For decades, mankind has relied on experimental data gathered by traditional research means to conquer disease. Unfortunately, that can take decades or longer to render results. New artificial intelligence (AI) powered bioinformatics, or computational biology, can predict how diseases and symptoms will react to possible treatments and cures in hours, days or weeks instead.
Indeed, AI can identify potential treatments and cures just as it can model how cells will react to them. Further, AI can also predict disease occurrences and reoccurrences, as well as disease evolution and its effect on current treatments and cures.
Bioinformatics, or computational biology, can do all that just using computational models. It can tap into hidden knowledge in experimental data gathered over many years in seemingly unrelated research projects. Or, it can work from simulated data conjured by scientific minds and couched with known factors such as the rules of physics, genetics, epigenetics, and other qualifying circumstances.
Today, artificial intelligence (AI) technology makes all of that work faster, and it’s also capable of using much larger data sets and solving far more complex problems than human minds can.
However, general artificial intelligence like that which is depicted in science fiction movies does not yet exist. Instead, today we are using subsets of AI, namely machine learning (ML) and deep learning (DL).

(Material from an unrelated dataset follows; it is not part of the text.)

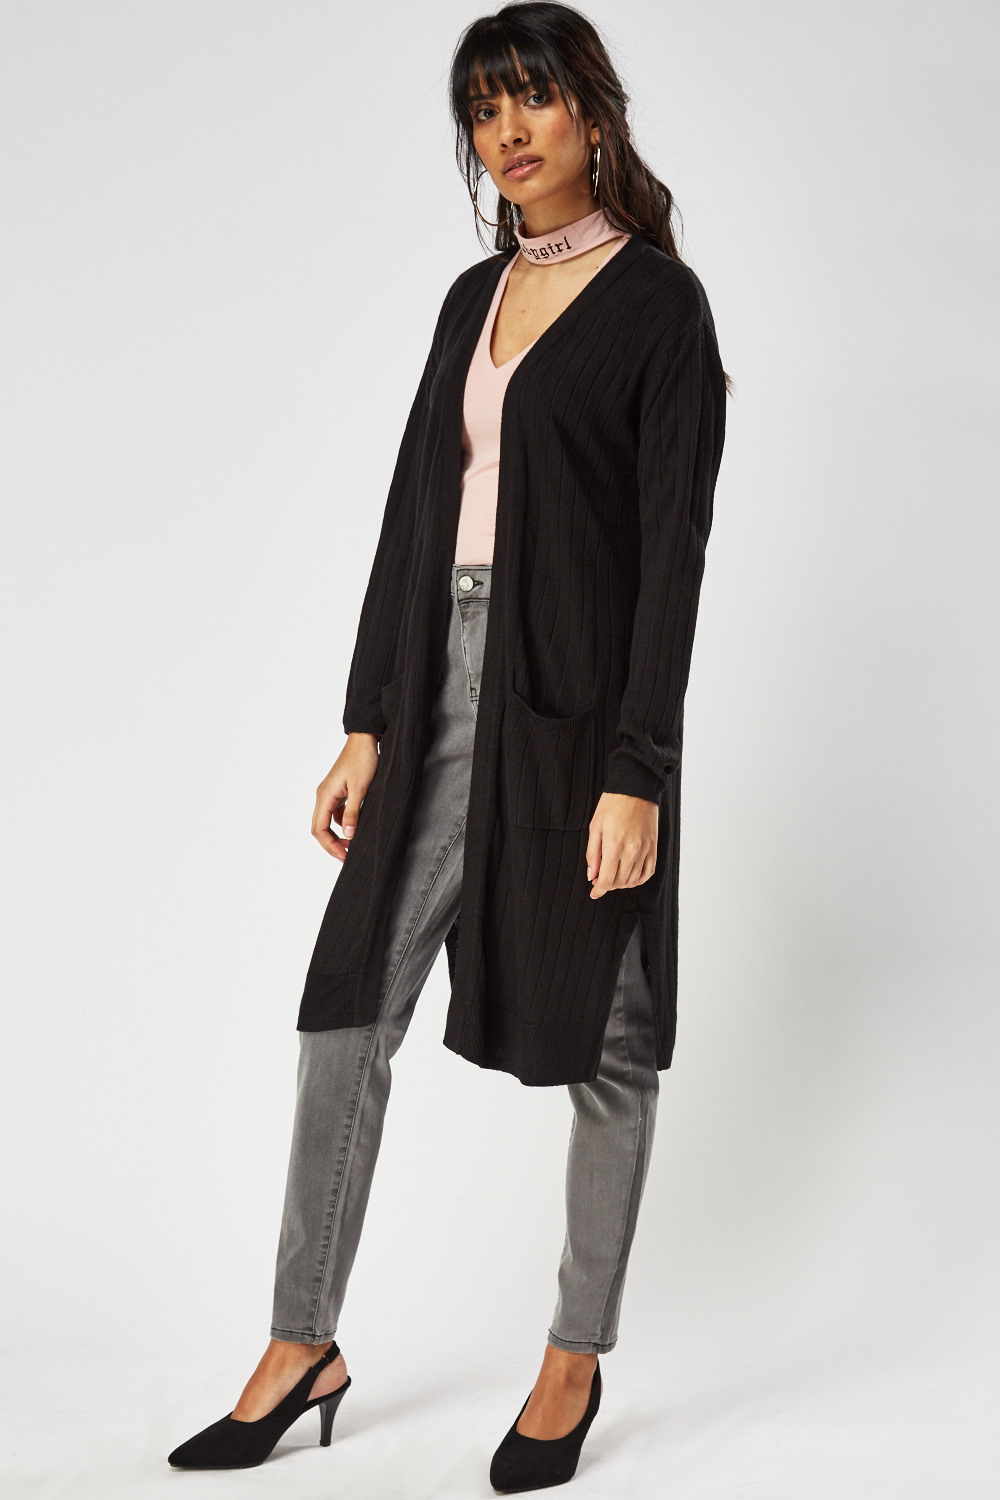 Ribbed Thin Knitted Long Cardigan - Just $7

The easy to understand video below explains how different technologies are blended together to create more innovations in many different industries, even though it all comes from computational biology.
Advanced analytics and automation complete the modern day “smart” toolbox. All of these tools are extremely powerful and are already changing the human experience in myriad ways. But they also present some challenges too.
The video below is a good, easy-to-understand introduction to the different stages of AI and its achievements and challenges.
While machine learning and other AI tools are already making great strides in medicine, more specialized tools are emerging on the scene at a steady pace. One of the latest is scGen, “an AI-powered tool for predicting a cell's behavior in silico. scGen will help map and study cellular response to disease and treatment beyond experimentally available data,” according to the report in Science Daily.
The interesting twist in scGen’s development is the discovery that smaller is better, at least in this case. Scientists recently discovered that the large-scale atlases of healthy human organs in the Human Cell Atlas isn’t going to cut it in making disease characterizations and treatments. That’s because there are too many disease possibilities and variations impacting organs to scale the analyses. But that’s not to say that the many aspects of the Human Cell Atlas are not useful. The video below explains how important this reference map, this Atlas, is.
However, by refocusing computations at the cellular level, disease and cell reactions can generally be more readily seen and understood.
"For the first time, we have the opportunity to use data generated in one model system such as mouse and use the data to predict disease or therapy response in human patients," said Mohammad Lotfollahi, PhD student (Helmholtz Zentrum München and Technische Universität München).
One of the central goals of computational biology is “accurately modeling cellular response to perturbations, e.g. disease, compounds, genetic interventions,” say the scGen scientists.
“Although models based on statistical and mechanistic approaches exist, no machine-learning based solution viable for unobserved, high-dimensional phenomena has yet been available. In addition, scGen is the first tool that predicts cellular response out-of-sample. This means that scGen, if trained on data that capture the effect of perturbations for a given system, is able to make reliable predictions for a different system,” the report explains.
Beyond scGen and other modern-day AI tools, work is continuing to create computing approaches that can predict diseases that don’t exist today and thus for which specific data are not available. Inference based on sophisticated simulated data will likely outweigh empirical data in the computations at that point. But the payoffs could be very high, particularly in prevention.
In the short-term things like flu vaccines will improve because the predictions for this year’s reigning strain will be more accurate. But in the long-term, it means that cures or genetic “tweaking” can prevent a predicted new disease from ever getting a hold on humans. That scenario is theoretical at the moment, but few doubt its inevitability.